I backed the truck around in the center of the road and drove back to the Y fork that divided off toward Buddy’s cabin. I could see Buddy on the front porch in a red wool shirt and a pair of corduroys with a white coffee cup in his hand.

“I don’t guess there’s a need to take up our conversation with him, is there?” Mr. Riordan said.

I didn’t want to answer him or even acknowledge his presumption. But he was still drunk, his gray eyes staring as flatly at me as though he were looking down a rifle barrel.

“No, sir, I don’t guess there is,” I said.

I got out of the truck, and he slipped behind the wheel, clanked the transmission into first with the clutch partially depressed, the gears shearing into one another like broken Coke bottles, then popped the pedal loose and bounced forward across the field toward his house. I heard him shift into second, and the transmission whined as though there were a file caught in it.
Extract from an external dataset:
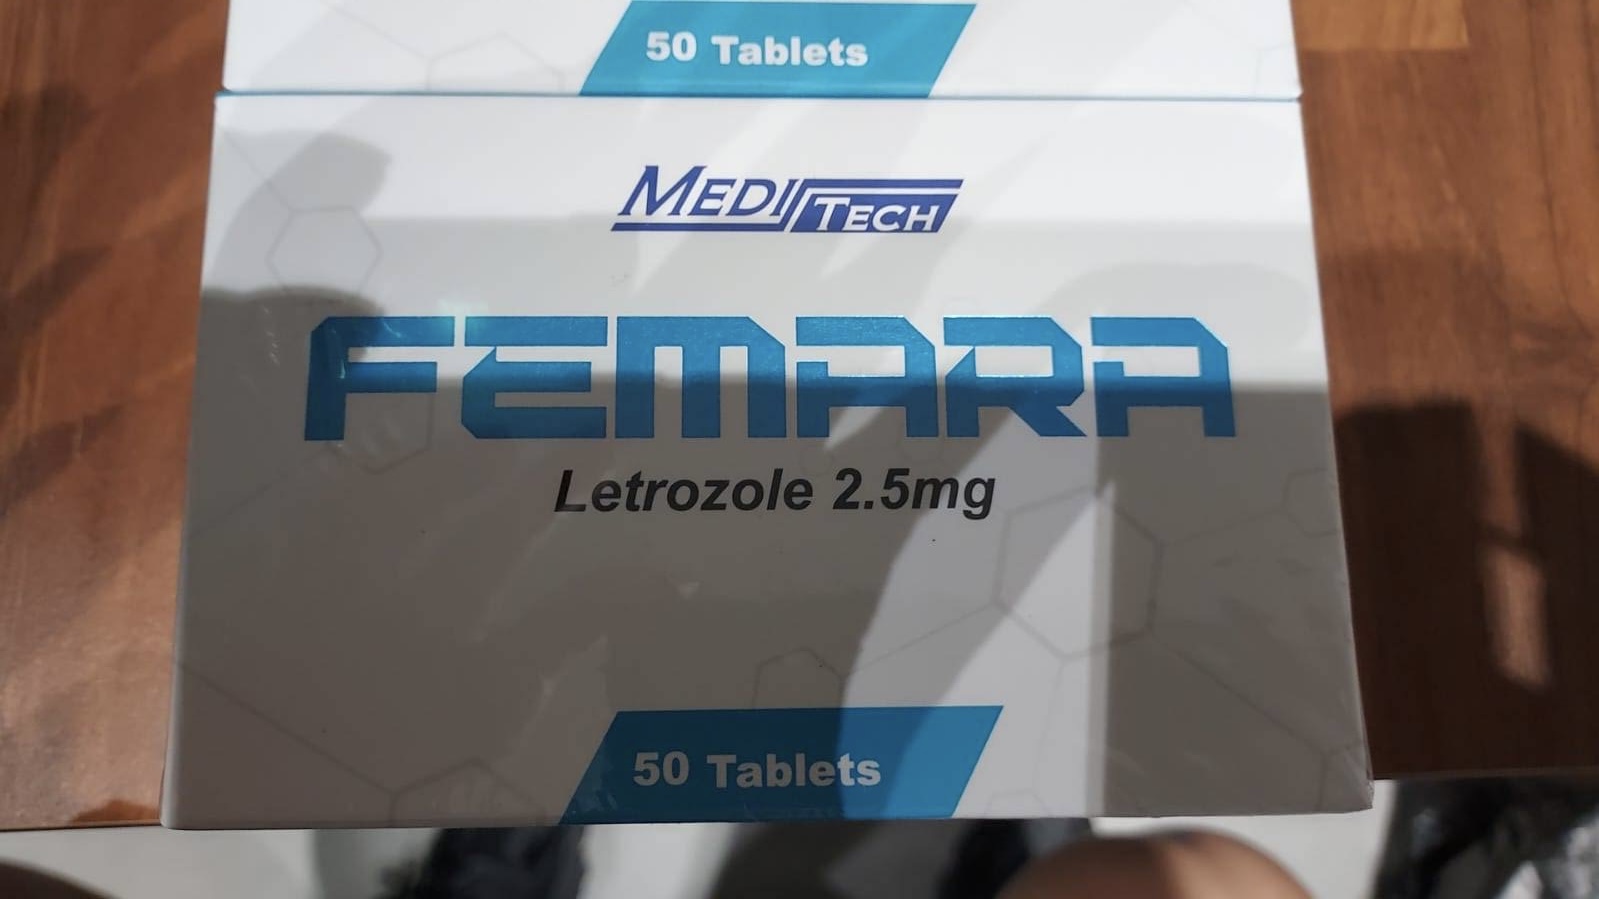 Meditech FEMARA Letrozole 2.5mg 50tablets

Buddy walked toward me off the porch with his cup of coffee in his hand. His face was pinched in the wind.

“What happened to the old man?” he said.

“He got the sun in his eyes.”

“I don’t believe it. The old man really drunk? He don’t get drunk.”

“He had some bad stuff working in him back there in the restaurant.”

“What?”

“He wants to believe in his friends.”

“What are you talking about, man?”

“All those shit-hog people who call themselves neighbors.”

“You smell like you put your head in the jug, too.”

“Tell me how you live around these bastards. They treat your old man like sheep dip.”

“What set you off?”

We closed the cabin door behind us, and I felt the sudden warmth of the room in my face and hands.

“I really don’t understand it,” I said. “Your father’s a decent man, and he puts up with a gyppo logger giggling on a cigar like a gargoyle, and these guys in the restaurant acted like somebody held up a bed pan to their nostrils when we walked in.”